SINGAPORE - Four years ago, Audric Ping's mother died of cancer.
A year later, his father who was a hawker, lost his job and has been unemployed since.
Despite these odds, the Institute of Technical Education (ITE) student - a member of the national karate team - reaches out to his schoolmates and gets them to volunteer with the elderly and intellectually disabled.
He also coaches karate for free at schools and teaches women self-defence skills at the Singapore Karate-Do Federation.
On Tuesday, the 18-year-old, who studies semiconductor technology at ITE College Central, was lauded for his resilience and drive and awarded the inaugural National Young Leader Award.
The award, given out by youth leadership organisation Halogen Foundation Singapore, recognises those aged 15 to 19 who show outstanding character and leadership, and are committed to making a difference in their communities. It was presented at Halogen's 10th anniversary fund-raising gala dinner at Conrad Centennial Singapore hotel.
Acting Minister for Culture, Community and Youth Lawrence Wong, the guest of honour, said: "One important thing that we hope our young people will spend time thinking about is what they can do to build a better and stronger Singapore."

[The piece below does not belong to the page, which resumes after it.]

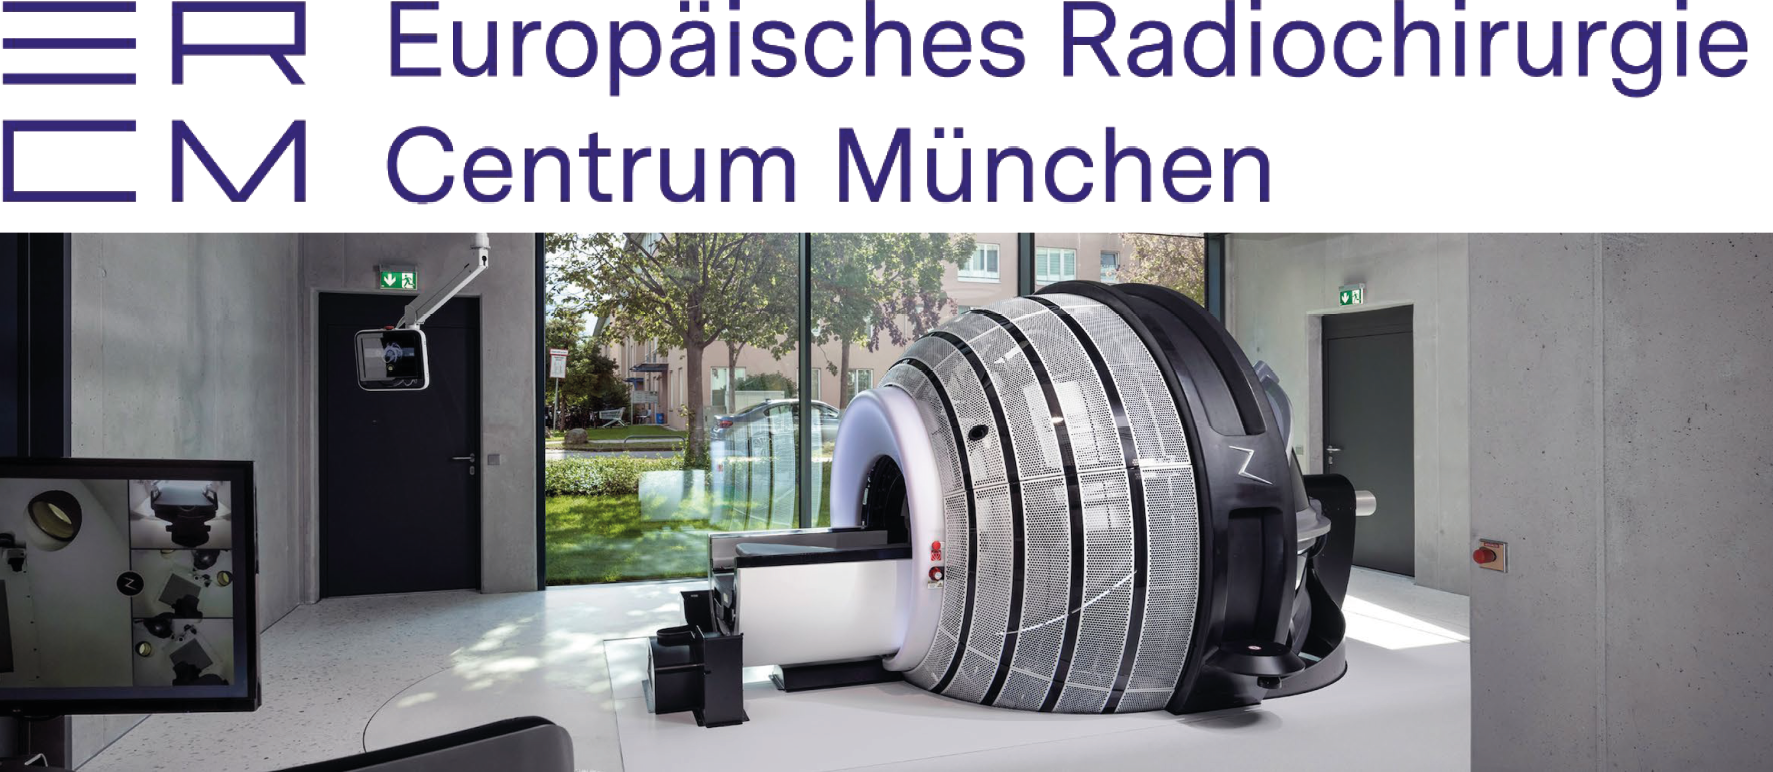 ERCM Europäisches Radioschirurgie Centrum München

Audric was top among 49 applicants, who nominated themselves. He was picked by judges, including MP Baey Yam Keng, who chairs the Government Parliamentary Committee for Culture, Community and Youth, and Straits Times senior education correspondent Sandra Davie.
As the winner, he will attend the National Young Leaders' Day in Australia next March and receive an internship at Halogen.
For this, he has his ITE lecturer Kenny Tan to thank.
Said Audric: "On my first day of school, I was very down. But when my lecturer told us he was also from ITE and that we should not limit ourselves, I felt that I should set goals and not give up."